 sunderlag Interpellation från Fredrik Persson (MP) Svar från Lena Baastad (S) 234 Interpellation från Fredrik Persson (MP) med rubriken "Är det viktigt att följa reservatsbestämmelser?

--

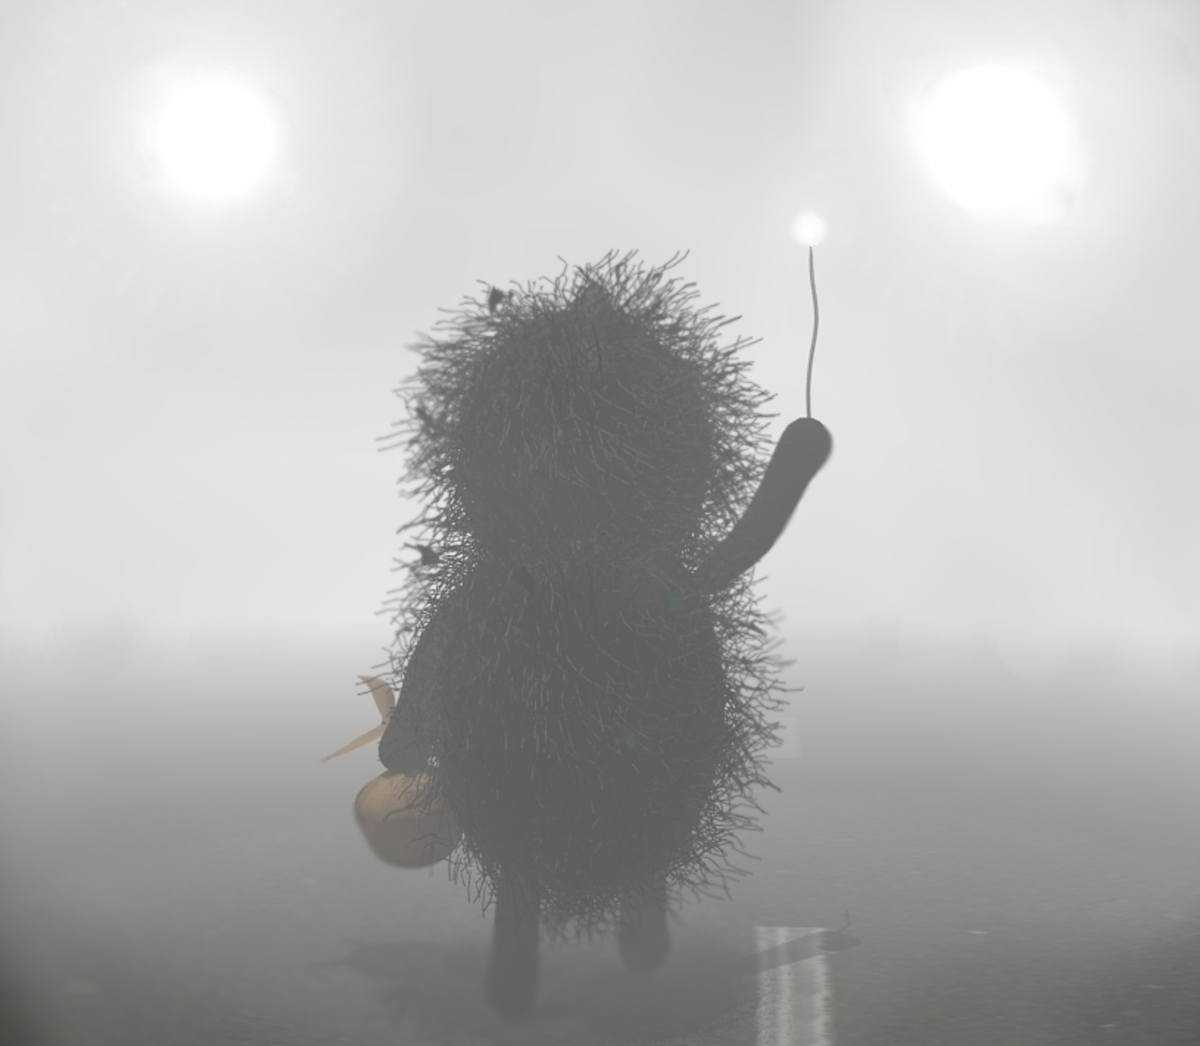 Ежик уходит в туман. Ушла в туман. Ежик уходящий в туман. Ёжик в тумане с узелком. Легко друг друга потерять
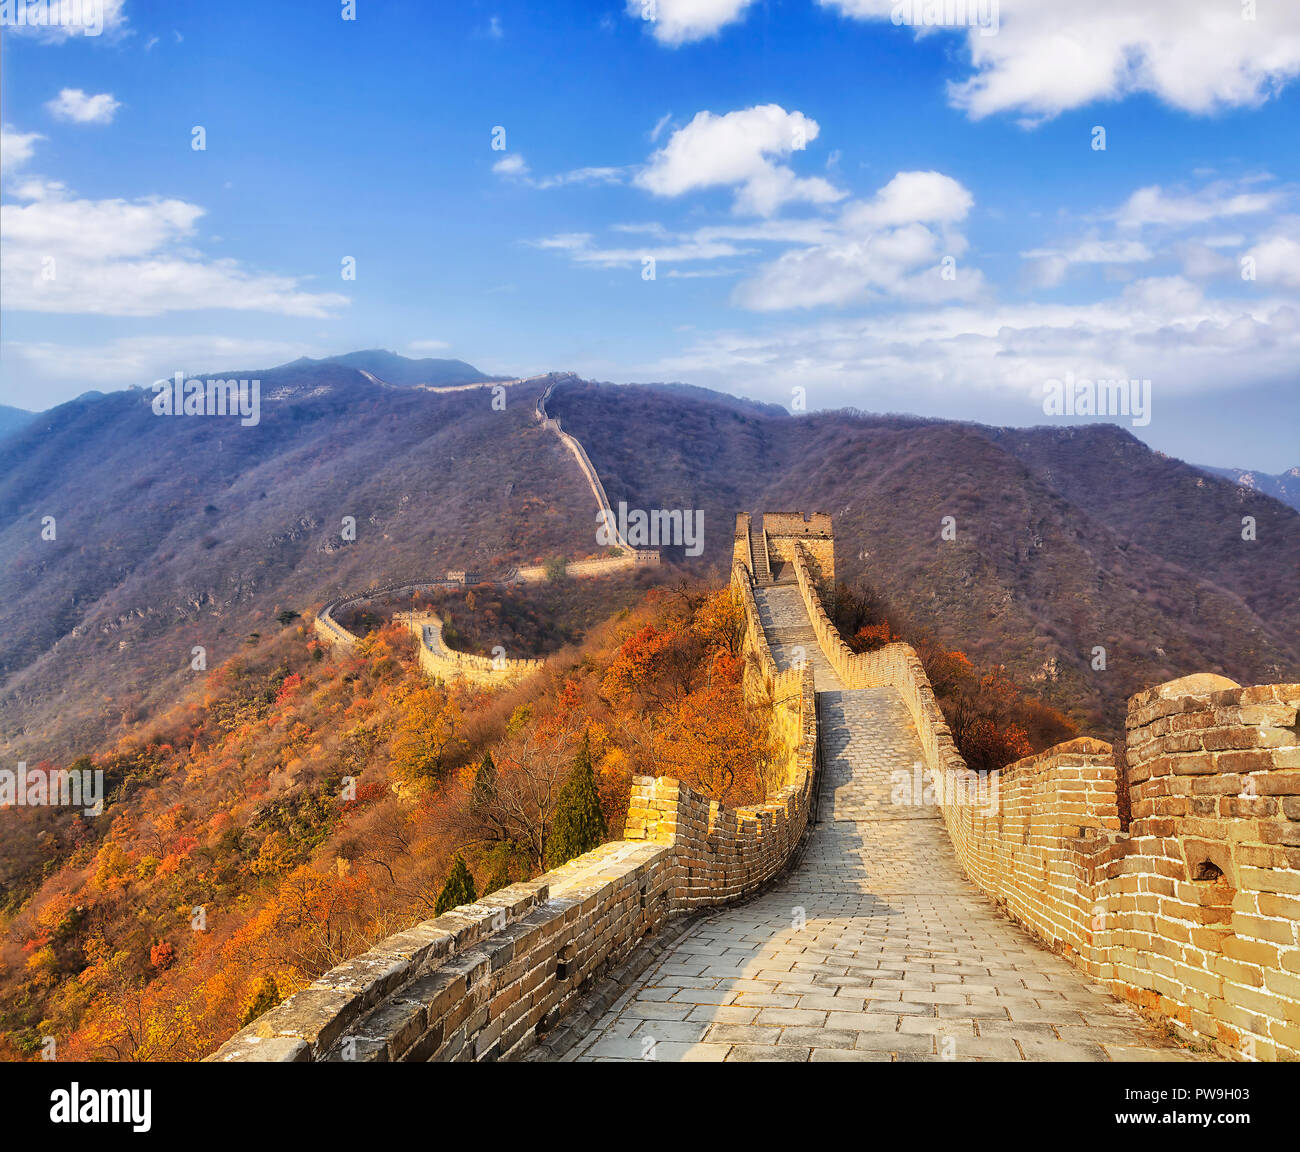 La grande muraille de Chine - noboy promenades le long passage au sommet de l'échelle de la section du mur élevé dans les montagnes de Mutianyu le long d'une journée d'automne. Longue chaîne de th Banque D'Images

Assigned task: Everything above from the line with "Ежик уходит в" through the line with "La grande muraille" should be retyped exactly, and nothing else; omit pictures.

Exercise output:
 Ежик уходит в туман. Ушла в туман. Ежик уходящий в туман. Ёжик в тумане с узелком. Легко друг друга потерять
 La grande muraille de Chine - noboy promenades le long passage au sommet de l'échelle de la section du mur élevé dans les montagnes de Mutianyu le long d'une journée d'automne. Longue chaîne de th Banque D'Images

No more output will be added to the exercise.